You (i.e. your group) must hand in a report (in pdf-format) describing your work and results and a zip-archive of the files pred-ann6.fa and pred-ann7.fa,..., pred-ann10.fa containing your predictions on the 5 genomes with unknown structure. The files must be in FASTA format similar to the annotation of the other genomes. Handin the report and zip-archive via Blackboard no later than Monday, November 26, 2018, at 08:00. Your report should be no more than 3 pages and clearly state who is in the group. It must cover:

  • The status of the work, i.e. does it work, if not, then why.
  • An explanation and illustration of your model structure (i.e. a transition diagram). This should include an explanation of how you model that there can be several start and stop codons, and an explanation of how you have trained your model.
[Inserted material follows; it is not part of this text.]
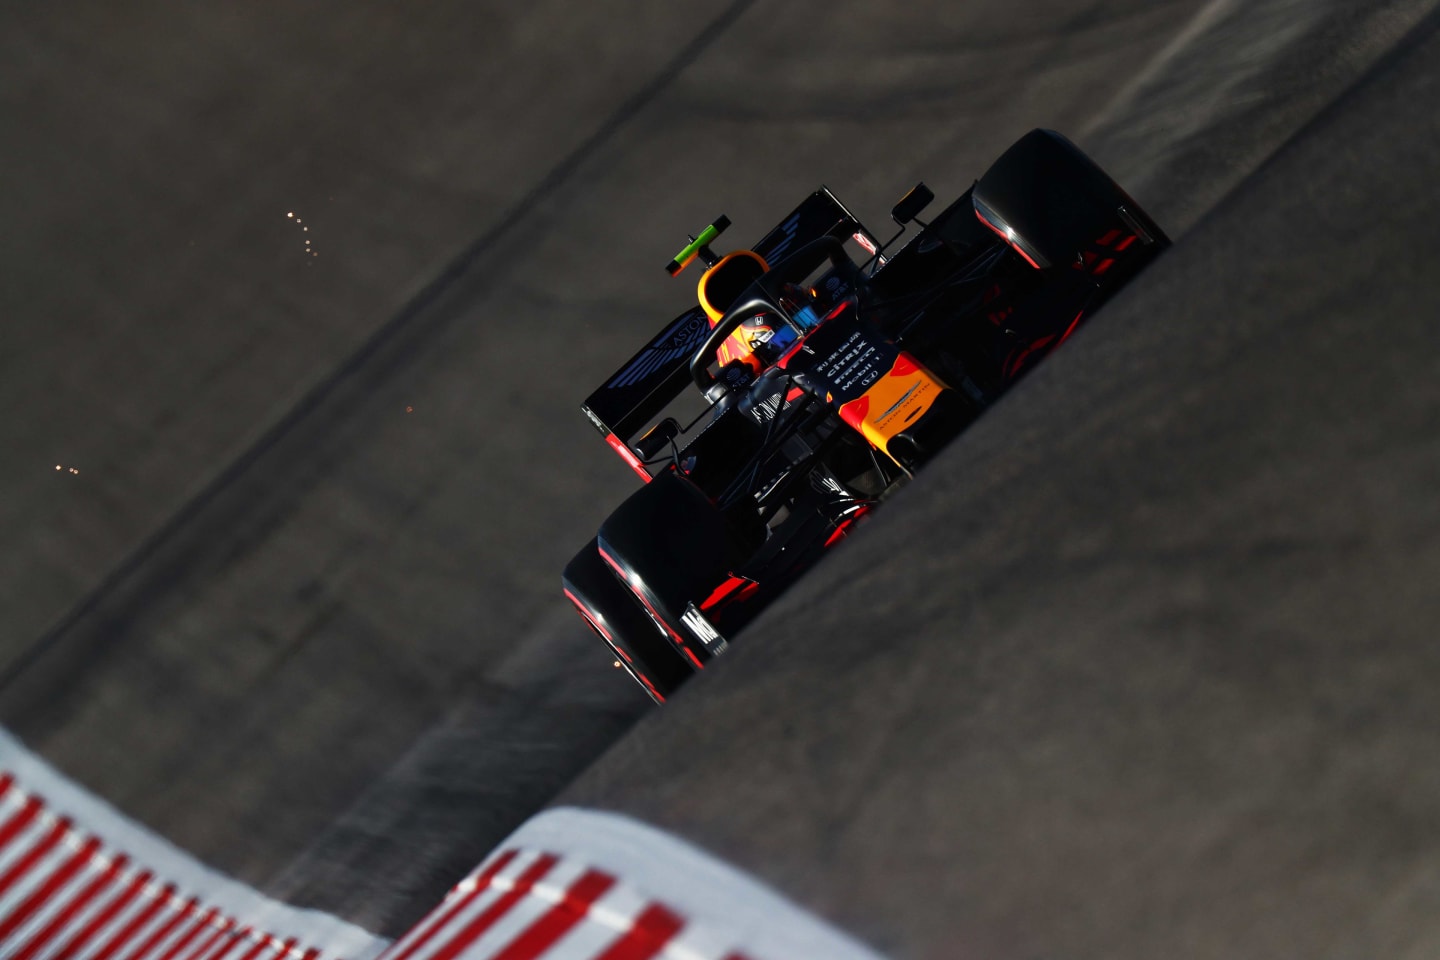 AUSTIN, TEXAS - NOVEMBER 02: Alexander Albon of Thailand driving the (23) Aston Martin Red Bull Racing RB15 on track during qualifying for the F1 Grand Prix of USA at Circuit of The Americas on November 02, 2019 in Austin, Texas. (Photo by Dan Istitene/Getty Images)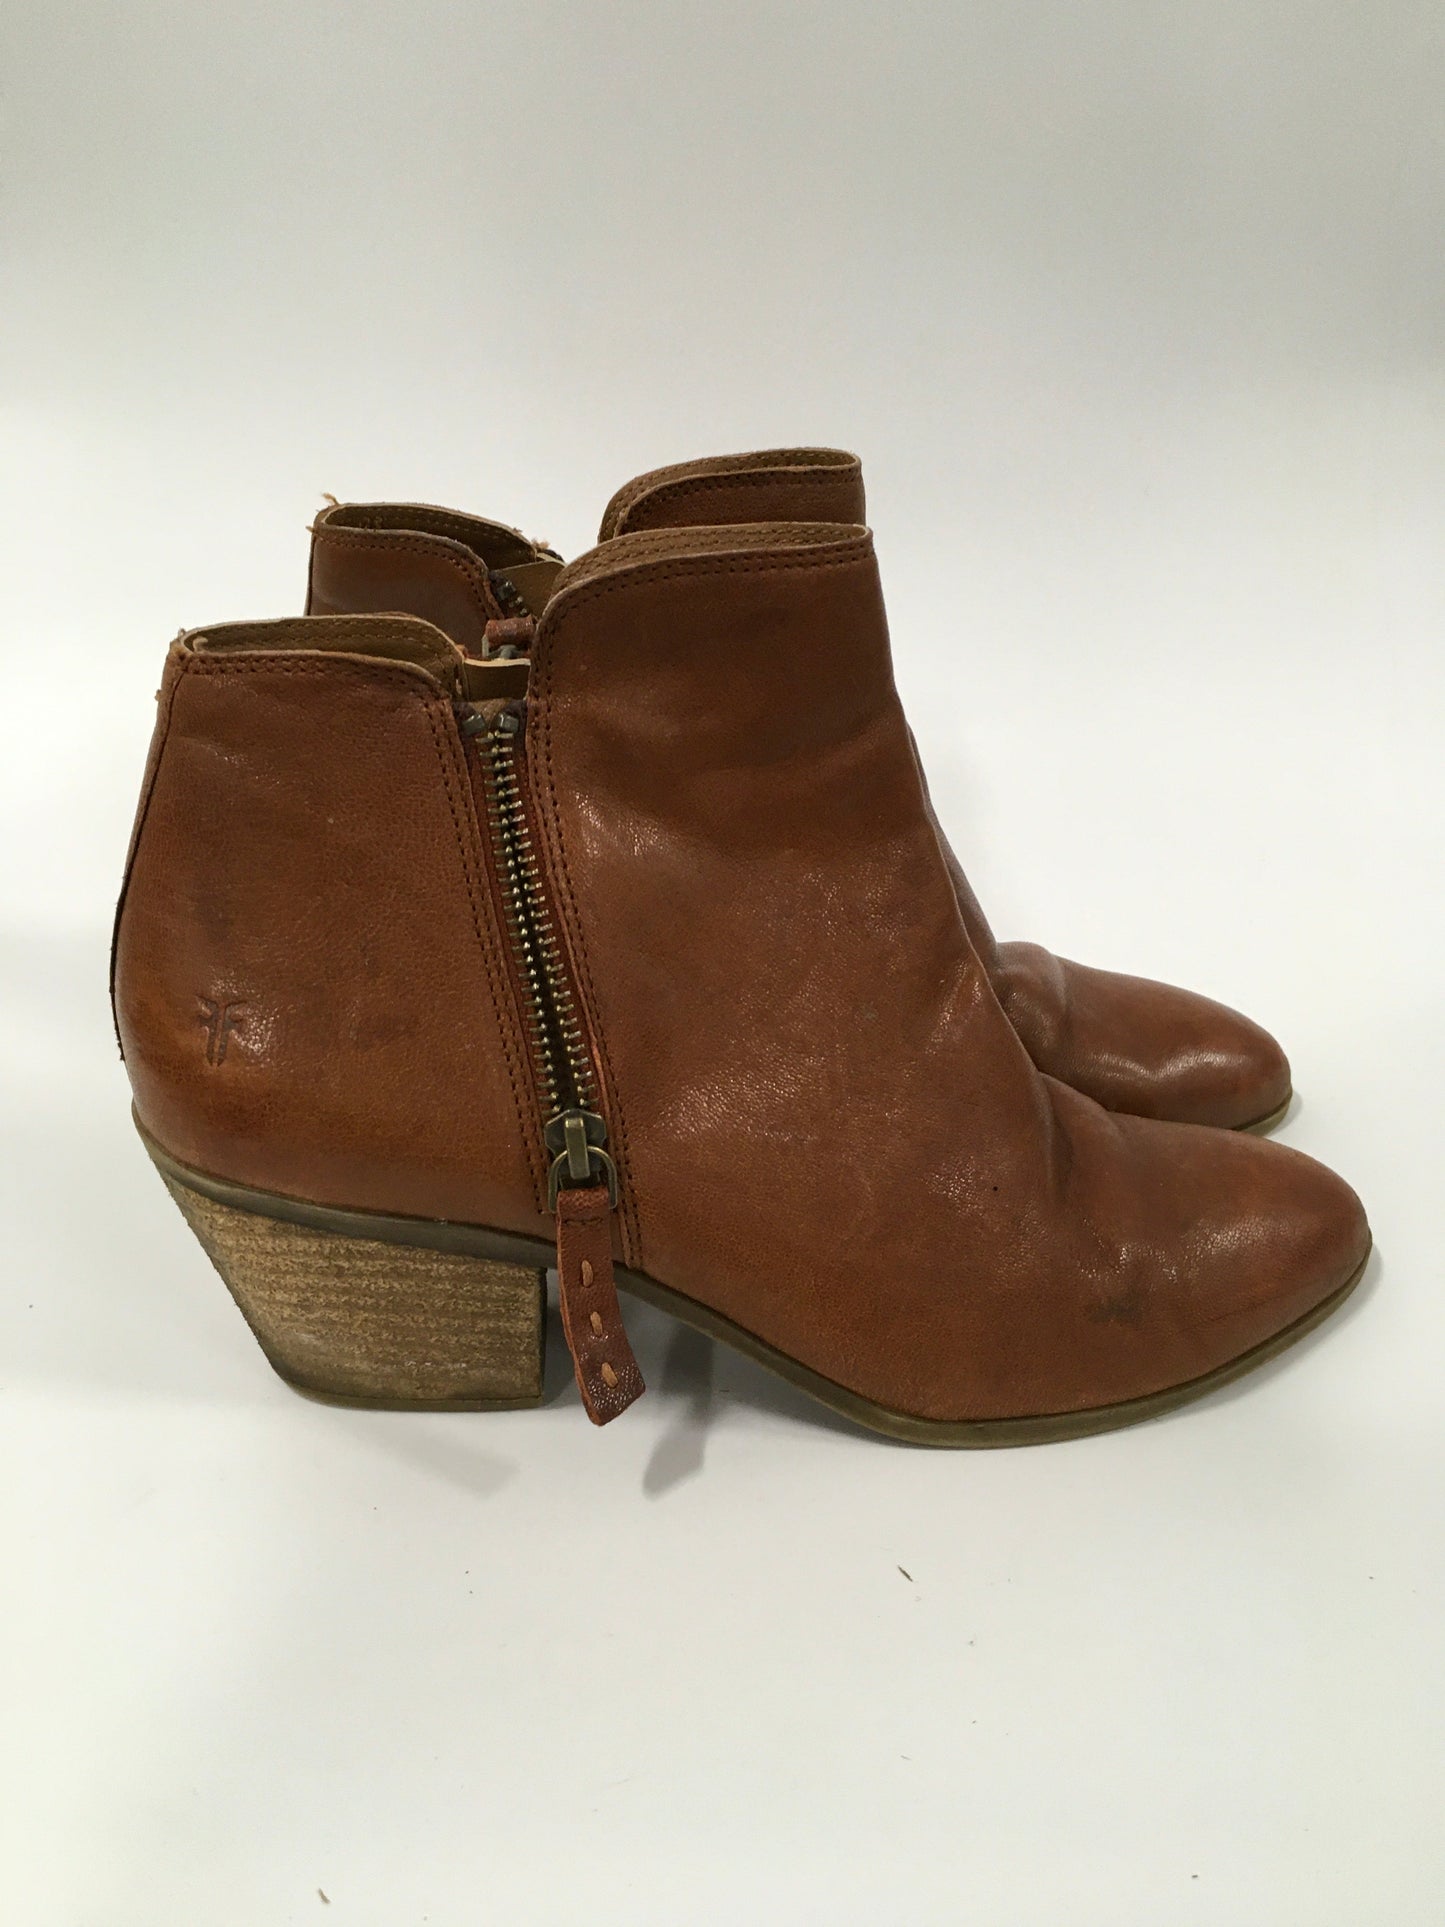 Brown Boots Ankle Heels Frye, Size 8.5

For training by counting you should comment on how you have translated the given annotations of C, N, and R's into corresponding sequences of hidden states. The transition-diagram should contain all non-0 probabilities as computed by your training.
  • An explanation of how you have predicted the gene structure for the unannotated sequences.
  • An evaluation of the performance of your gene predictor. You must make a 5-fold cross validation on the 5 genomes with known structure:

    For each genome 1 to 5, you train your model by training-by-counting on the remaining 4 genomes, and predict the gene structure on the genome you picked. You compute and report the approximate correlation coefficient (AC) between your prediction and the true annotation using the small python program compare_anns.py. Include a table with the computed ACs in your report.

  • The result of comparing your predictions on the 5 genomes with unknown structure against their true structures via the www-service GeneFinder Verifer.